See 4.4.1.1 for other detailed requirements of the test object.
AC test
U ts1 and U ts2 exhibit sinusoidal waveforms with frequencies of either 50 Hz or 60 Hz, depending on the testing facilities U ts1 represents the standard short-duration power-frequency withstand voltage as specified in IEC 60071-1, Table 2 U ts2 is determined using a specific calculation.
U ms3 is the peak value of the maximum steady-state operating voltage, including extinction overshoot, appearing between valves; k s2 is a test safety factor; k s2 = 1,2
The test involves applying specified test voltages U ts1 and U ts2 for a defined duration between the valves Initially, the voltage is increased from 50% to 100% of U ts1 over approximately 10 seconds, followed by a 1-minute maintenance of U ts1 Next, the voltage is reduced to U ts2 and maintained for 10 minutes, during which the partial discharge level is recorded before reducing the voltage to zero It is crucial that the peak value of the periodic partial discharge recorded in the last minute of this step is below 200 pC, or 50 pC if sensitive components are not isolated Additionally, the measurement of inception and extinction voltage must adhere to IEC 60270 standards.
In a Medium Voltage Unit (MVU), all valves within the same structure must be interconnected and short-circuited Testing requires applying voltage between each valve and the earth.
See 4.4.1.1 for other detailed requirements of the test object
U ts1 and U ts2 exhibit sinusoidal waveforms with frequencies of either 50 Hz or 60 Hz, depending on the testing facilities U ts1 represents the standard short-duration power-frequency withstand voltage as specified in IEC 60071-1, Table 2 The value of U ts2 must be determined using the appropriate calculations.

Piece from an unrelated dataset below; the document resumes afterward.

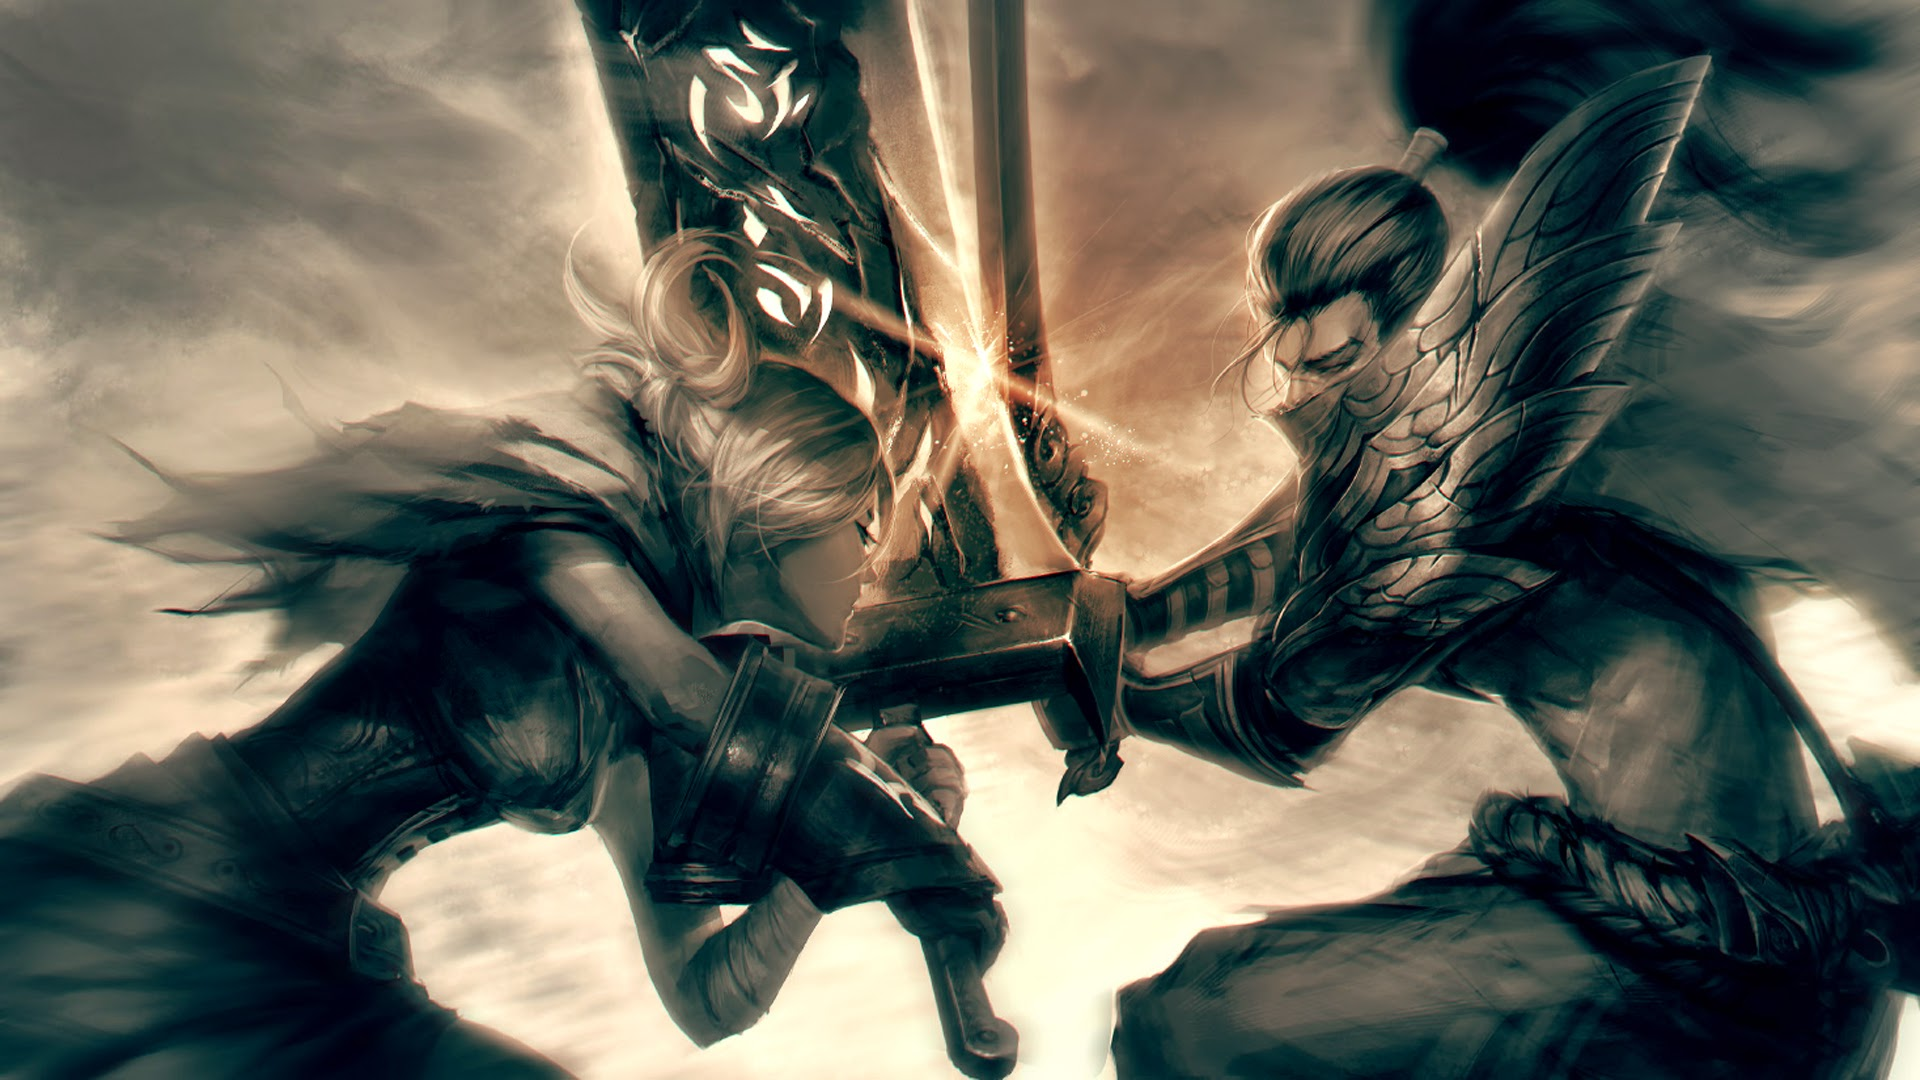 riven vs yasuo clash fighting league of legends hd wallpaper lol ...

U ms2 is the peak value of the maximum steady-state operating voltage, including extinction overshoot, appearing between any valve terminal and earth; k s2 is a test safety factor; k s2 = 1,2
The test involves applying specified test voltages U ts1 and U ts2 between the valve terminals and earth for a defined duration First, the voltage is increased from 50% to 100% of U ts1 over approximately 10 seconds Next, U ts1 is maintained for 1 minute, followed by a reduction to U ts2 U ts2 is then held for 10 minutes, during which the partial discharge level is recorded before the voltage is decreased to zero It is crucial that the peak value of the periodic partial discharge recorded in the last minute of this step remains below 200 pC if the valve's sensitive components have been tested separately, or below 50 pC if they have not Additionally, the measurement of inception and extinction voltage must adhere to established protocols.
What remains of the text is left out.